# How to stop cats from opening doors?



## koobe (Nov 8, 2009)

I don't know since when Cheetah seems to learn the trick of opening the laundry room door. We do not like any cats in the laundry room because we are afraid they will get stunk between the gaps. And also Cheetah and Panther likes to scratch our plastic laundry bag. 

My door has a handle, and of course no locks for a laundry room door. If there is product I can use to stop cats from opening the door?
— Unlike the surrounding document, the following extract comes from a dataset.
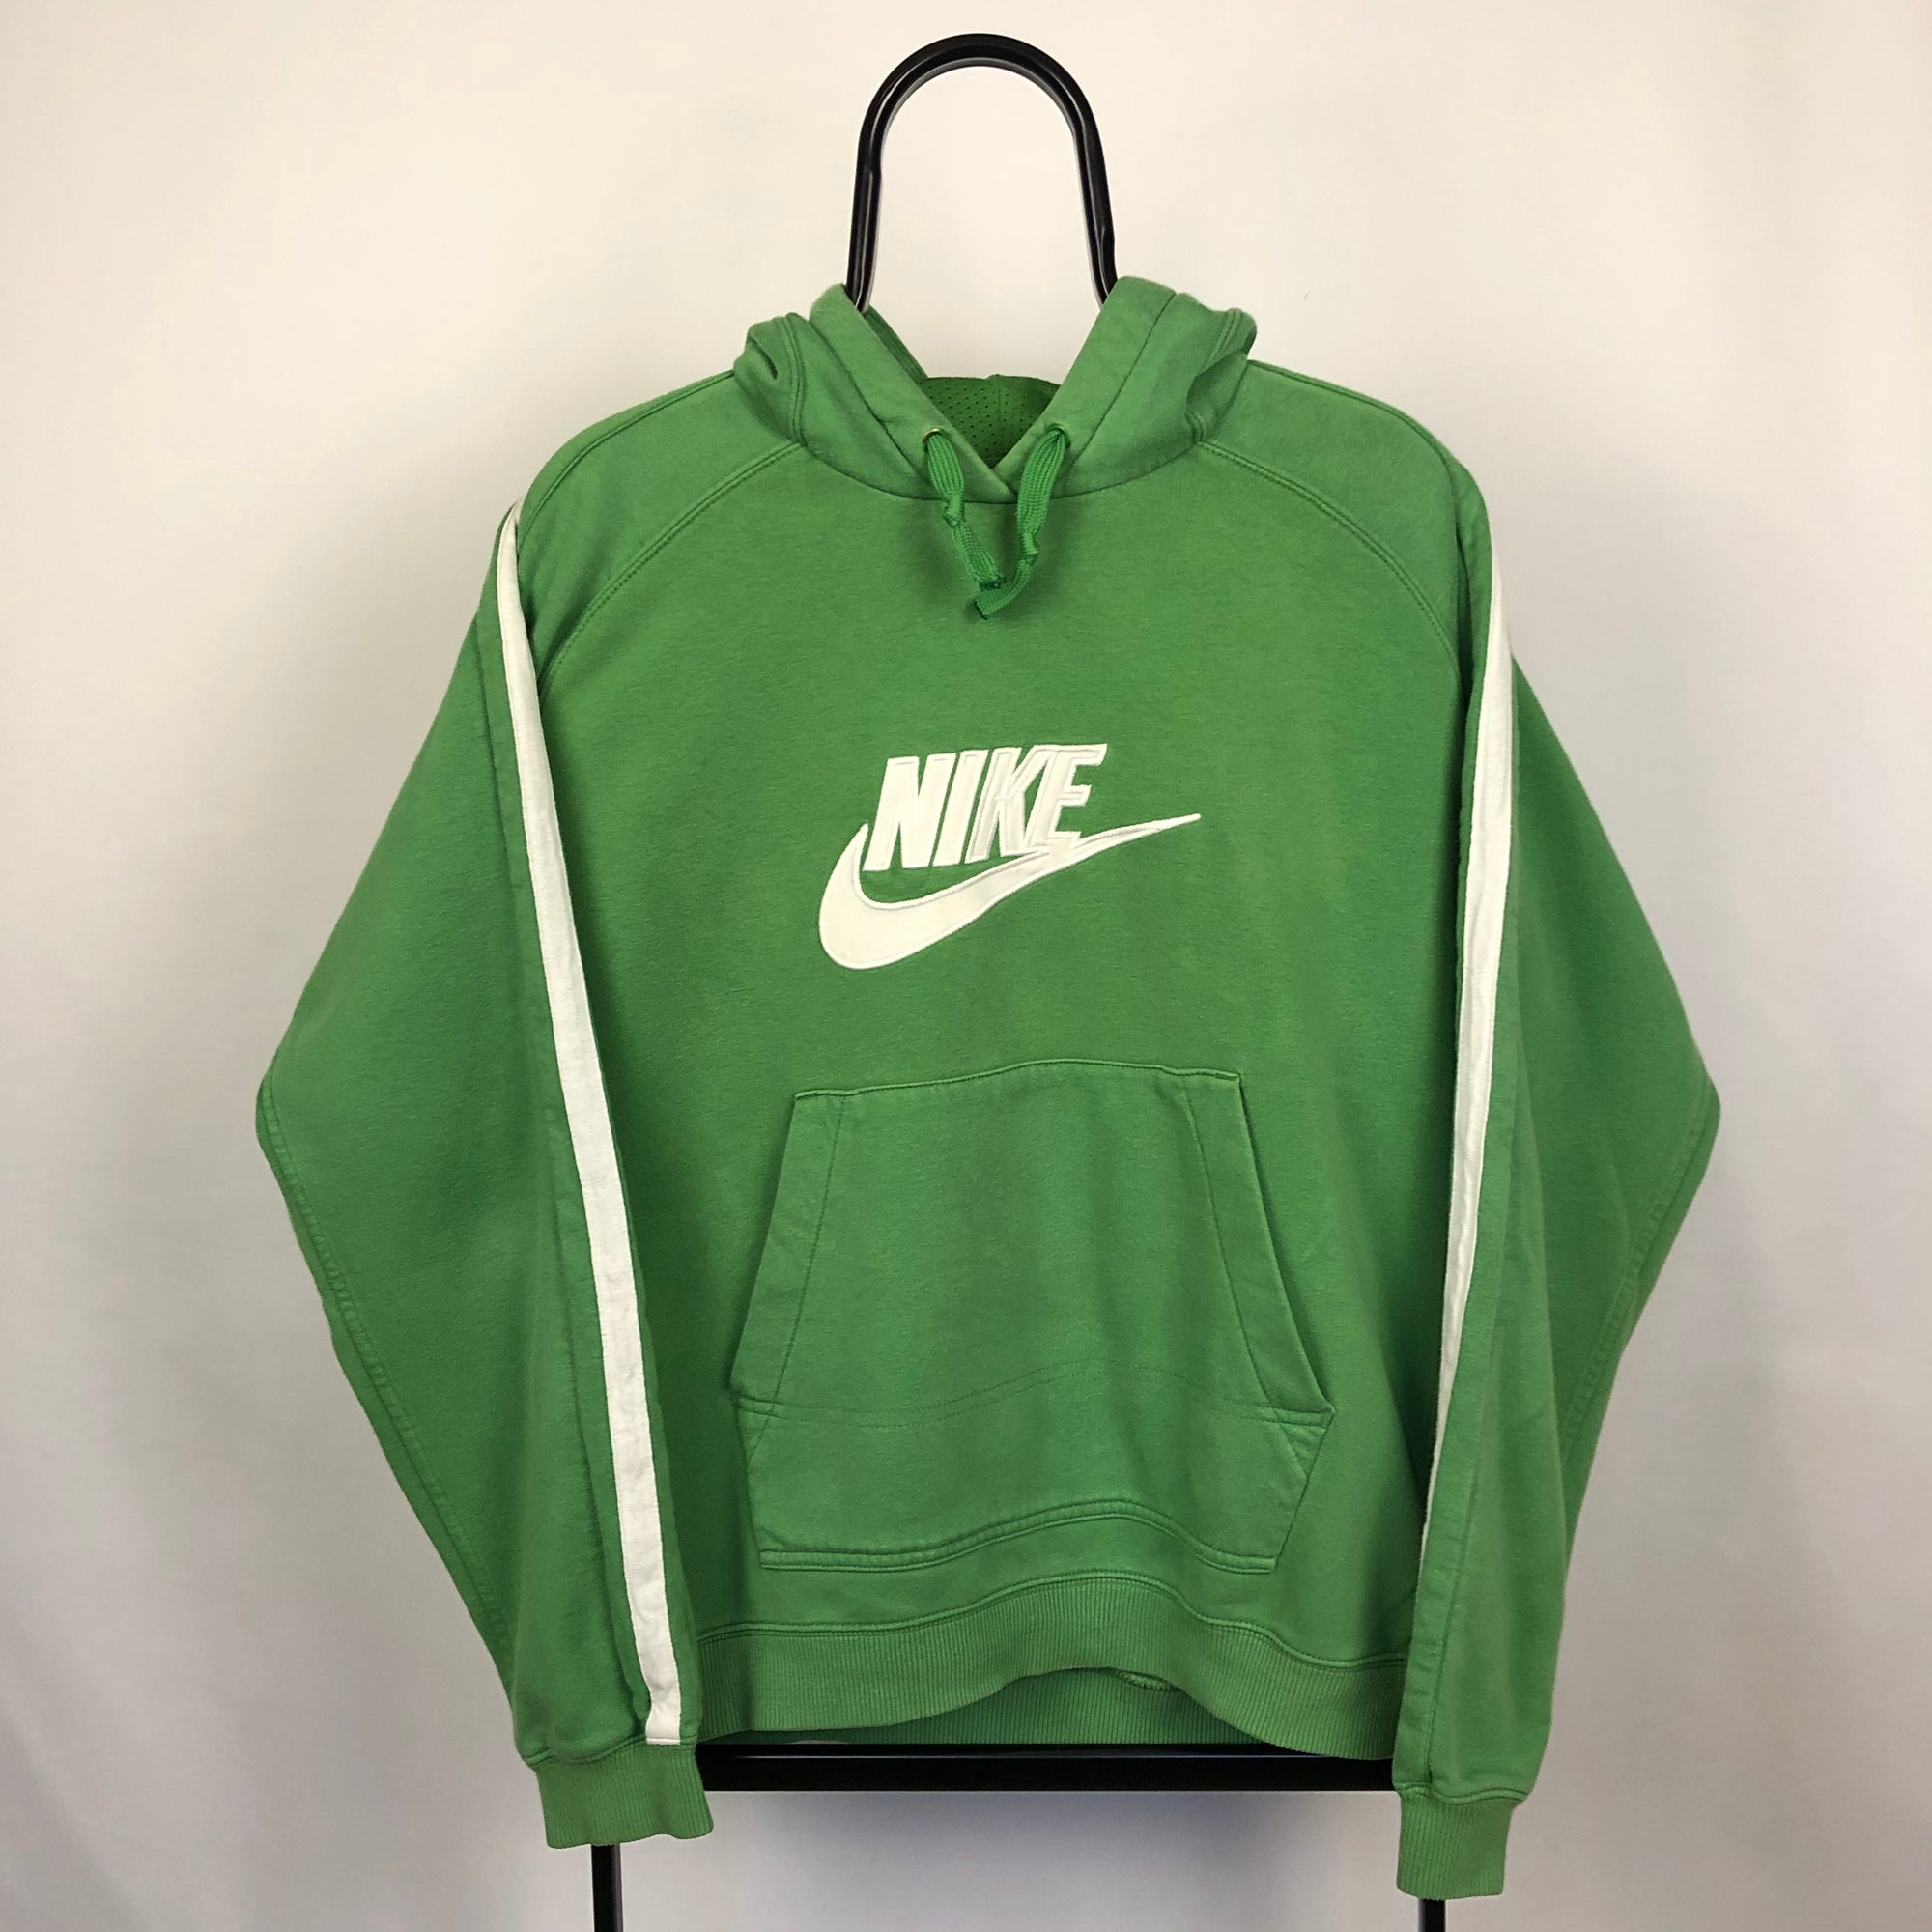 Vintage Nike Hoodie in Green - Men's Medium/Women's Large

Or should I give up and let them in?


----------



## raecarrow (Oct 27, 2009)

Is the knob a leaver knob? if so I would replace it with a round one. 

If it is a round knob, I would get one of those child-proof knob covers to keep them from fiddling with the knob.

If nothing else, a hook and eye to hold the door to the door frame will do the trick.


----------



## catloverami (Jul 5, 2010)

How about one of those rubber door stops that slide under the door?


----------



## koobe (Nov 8, 2009)

raecarrow said:


> Is the knob a leaver knob? if so I would replace it with a round one.
> 
> If it is a round knob, I would get one of those child-proof knob covers to keep them from fiddling with the knob.
> 
> If nothing else, a hook and eye to hold the door to the door frame will do the trick.


I think right now the round knob will be our choice. We will probably go buy a few today. Thank you!


----------



## koobe (Nov 8, 2009)

catloverami said:


> How about one of those rubber door stops that slide under the door?


Probably will not work, it is for the laundry room door, and no one will be inside the room all the time to remove the rubber door.


----------



## Susan (Mar 29, 2010)

koobe said:


> I think right now the round knob will be our choice. We will probably go buy a few today. Thank you!


If you currently have a lever, replacing it with a round knob should work. My daughter's cat, Neko, had no trouble opening her bedroom door, which has a lever, but he wasn't able to open doors with round knobs.


----------



## Church's Mum (Jan 6, 2011)

A good sized strip of duct tape across the door and door frame might help. I use duct tape on one particular kitchen cupboard my middle cat likes to open and walk away from. It's the only one she knows she CAN open, because the inner stopper is broken. There are at least two others that are also broken, but she doesn't know about them.


----------



## raecarrow (Oct 27, 2009)

koobe said:


> I think right now the round knob will be our choice. We will probably go buy a few today. Thank you!


No problem. I know about this issue because I have a Lever knob on my bathroom door and if I shut that door when I go to the bathroom (and don't lock it) my cats will open it so they can investigate.


----------